→ **Task item**
Of the entries below, return only those lines from the line with "Beijing price changes" to the line with "Пустыня станет отличной", exactly, both included.

→ **Data records**
Segment Open

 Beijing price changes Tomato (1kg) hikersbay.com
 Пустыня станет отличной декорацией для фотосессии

Segment Closed
Segment Open

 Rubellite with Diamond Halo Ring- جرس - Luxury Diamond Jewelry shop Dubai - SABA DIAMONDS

Segment Closed

→ **Response**
 Beijing price changes Tomato (1kg) hikersbay.com
 Пустыня станет отличной декорацией для фотосессии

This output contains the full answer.